11:13 October 27th, 2007

Switching off PCs at night and getting grief for it

Posted by: Erik Kirschbaum
Tags: Environment

aseanmeet1.jpgSwitching off idled computers, unused lighting and copy machines at night or on weekends might seem like a fairly small and relatively uncontroversial way to save energy — and reduce CO2.

But I nevertheless get grief at times for switching off idled computers or some of the overhead lights at night, when the office is all but empty. Only sometimes does it help when I try to explain to those who complain that it is a waste of energy and producing C02 that could easily be avoided — and tacitly hope the process might help create a new power-saving, CO2-reducing zealot like myself.

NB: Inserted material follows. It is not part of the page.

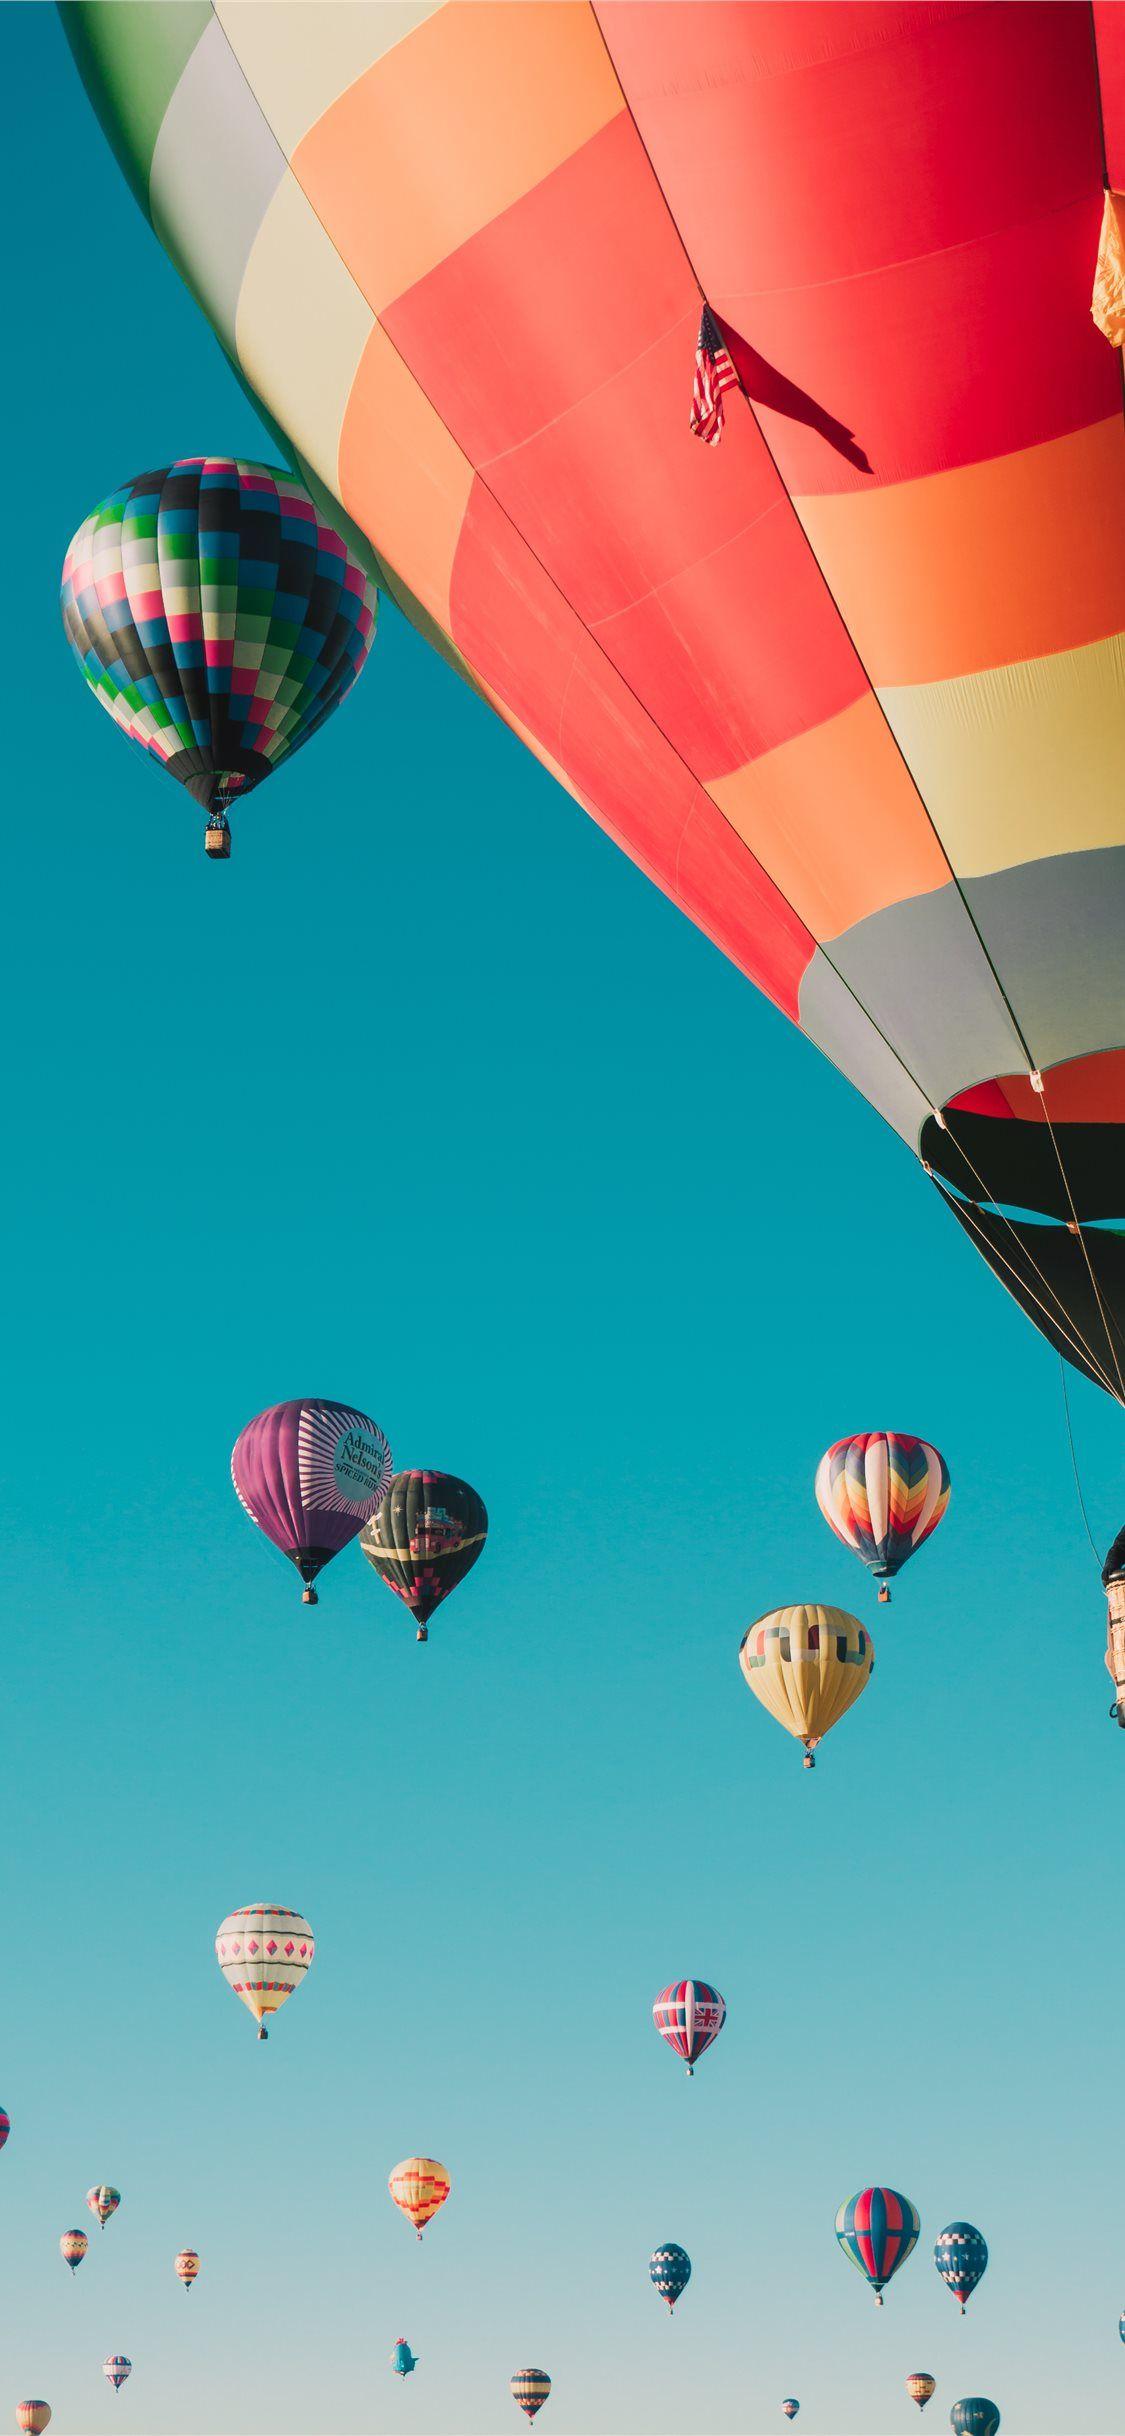 Hot Air Balloons Under Blue Sky Balloon Sky Flag Albuquerque Unitedstates Iphone11wal Iphone 11 Wallpaper Hot Air Balloon Wallpaper Air Balloon Wallpaper

“It takes too long to reboot it in the morning,” is one common complaint. (For the record: it takes about 3 minutes).

“I can’t remember my password,” is another argument. (For the record: I don’t have an answer for that).

Some especially clever colleagues in the office where I work, which has about 100 computers, have managed to lock theirs at night to try to prevent me switching them off. It seems ironic that they would expend so much energy, so much (of their own brain)  power to deliberately waste energy. But I took up the challenge. I just pulled the plug. Maybe they’ll find a way to lock that too. But it’s not just where I work. In other offices I’ve visited the view seems to be the same — just leave the PC on. And you only have to walk down the street late at night to see some offices, presumably all but empty, ablaze with lighting.computerpile4.jpg

I realise that, in a business where every second counts, three minutes to reboot in the morning might seem like half a lifetime — and no one would argue against leaving one idle computer on overnight to spare those vital seconds in case there is an urgent early morning task. But it all makes me wonder: if an office like mine filled with well-educated, well-informed people who could not possibly have missed the growing published evidence of global warming is seemingly unwilling or unprepared to make even a minor C02-saving adjustment like switching their computer off at night, what are the chances for change elsewhere?

It may only seem like a pittance to leave a PC or a light on at night. But I did some checking and found out that our office has an electricity bill of 30,000 euros per year — a surprising fact that usually helps end the arguments.  My company spends about 150,000 euros nationwide for its electricity – it seemed like a staggering amount to me for a company that is proud of having a small carbon footprint.  But I wonder: can’t that footprint be made even smaller — without pain?

Each PC left on overnight uses about 30 euro cents – 43 U.S. cents — of electricity per day.  It adds up fast to a lot of kilowatts and a lot of CO2.

It’s not hard to imagine the enormous amounts of power wasted and the tonnes of CO2 produced if those figures are multiplied by the number of offices around the
world. A survey last year by a German government environmental agency found that Germans waste 3.3 billion euros a year by leaving appliances on standby rather than switching them off, which one environmental group said meant that the annual output of two to three nuclear power plants goes for wasted power.